Before Tootsie Roll Industries started making 64 million miniature chewy chocolates a day, inventor “Leo Hirshfield” sold the hand-wrapped candies at a small Brooklyn store starting Feb. 23. 1896, according to the manufacturer’s website. The Austrian immigrant didn’t have to look far for inspiration on the treat’s name: his 5-year-old daughter Clara was often called “Tootsie.”After distribution started with a horse and buggy, the Candy Hall of Fame says the confectioner (a 2007 inductee) “decided to grow by merging with another local candy manufacturer, Stern & Staalberg,” which went public in 1922 and became known as the Sweets Company of America.
But some scholars say the details of that story may have been fudged, arguing the candy came on the scene a decade later — and that his name should be spelled “Hirschfeld” not “Hirshfield.” Samira Kawash, Professor Emerita at Rutgers University, wrote on her blog “Candy Professor” that the confectioner had been working for Stern & Staalberg all along and had moved to Manhattan to work there in the early 1890s, citing a 1913 Pittsburgh Press interview.

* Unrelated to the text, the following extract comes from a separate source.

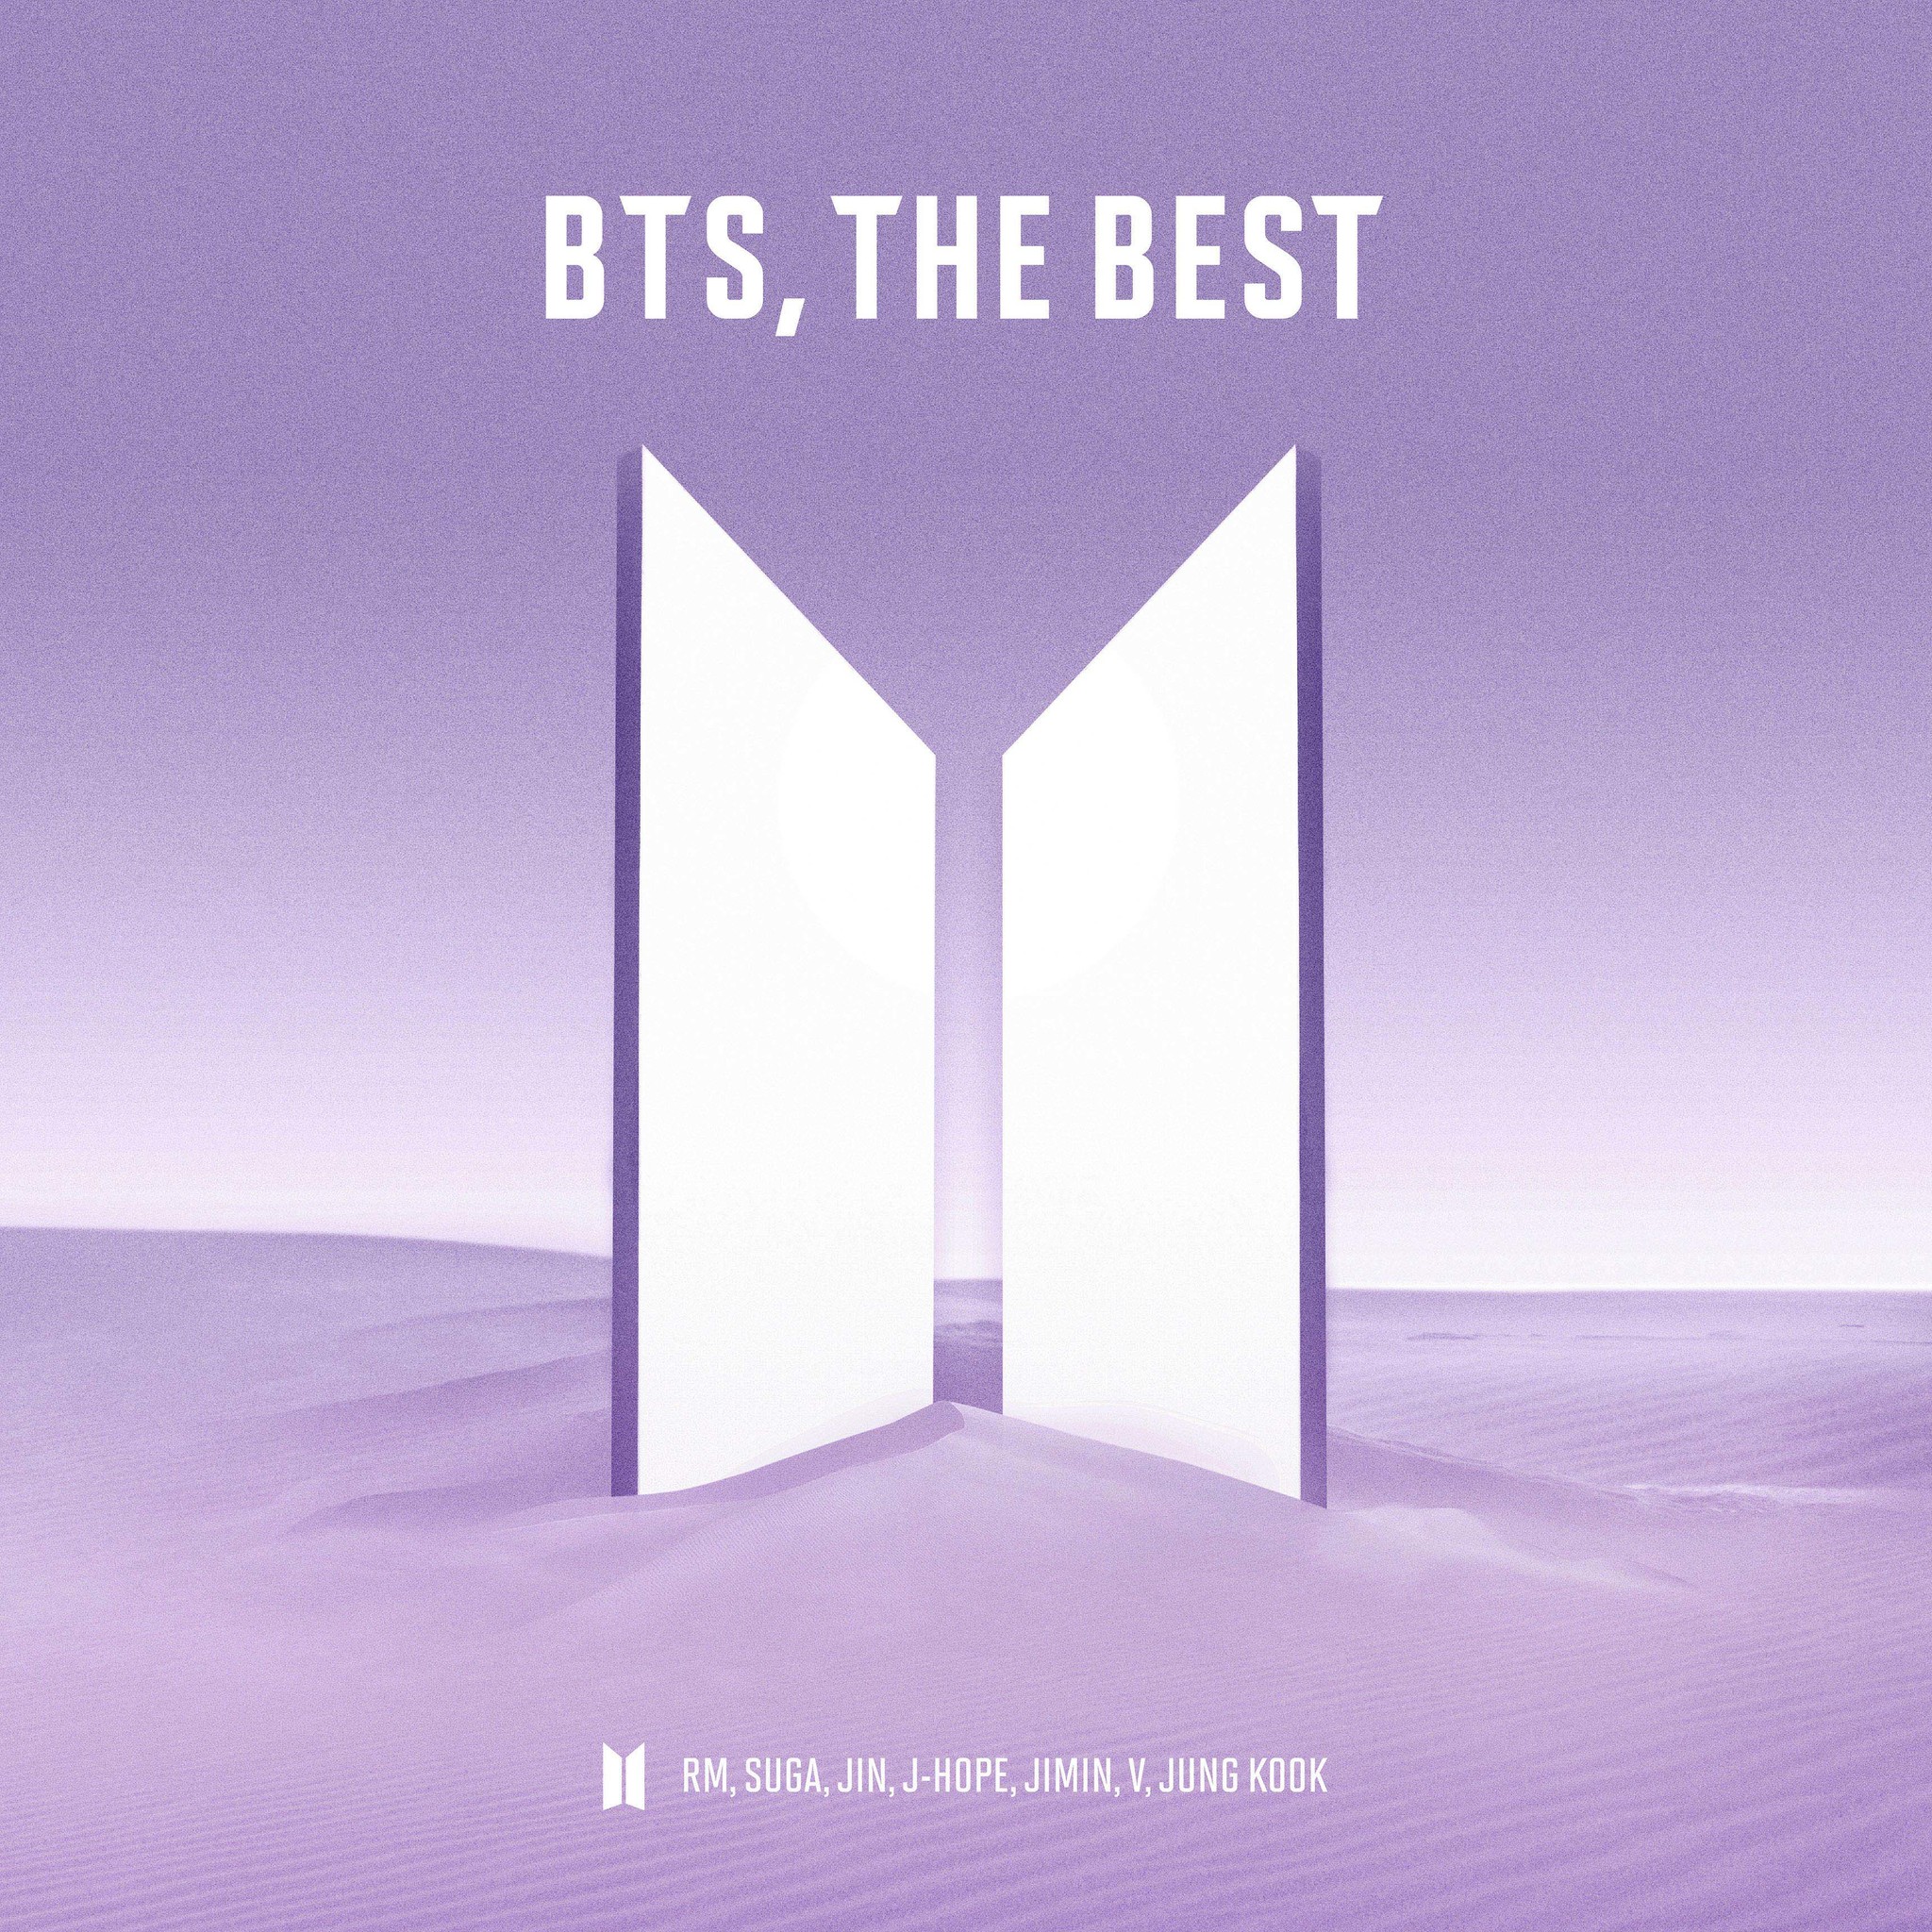 BTS、歴代ヒット曲含む全23曲を収録したベストアルバム「BTS, THE BEST」6月16日発売！｜ユニバーサル ミュージック合同会社の

A “Leo Hirschfeld” applied for a patent on the unique texture of Tootsie Rolls in 1907 and was awarded one in 1908, and a year later, Stern & Staalberg’s marketing and advertising push for Tootsie Rolls began.
So Kawash concludes: “All the patents, trade-marks, and advertising put Tootsie Rolls in motion between 1907 and 1909. As far as I can gather from the evidence, the invention of Tootsie Rolls in 1896 in Hirschfeld’s little Brooklyn candy store is a myth.” Moreover, Tootsie was also the name of the child spokesperson for a gelatin candy that Stern & Staalberg patented, so Kawash believes that the Tootsie Roll may have been “christened” in Clara’s honor, “but first, she did her time as the child spokes-model for fruity gelatin.”
So the candy’s origins may be just as mysterious as the number of licks it takes to get to the center of a Tootsie pop.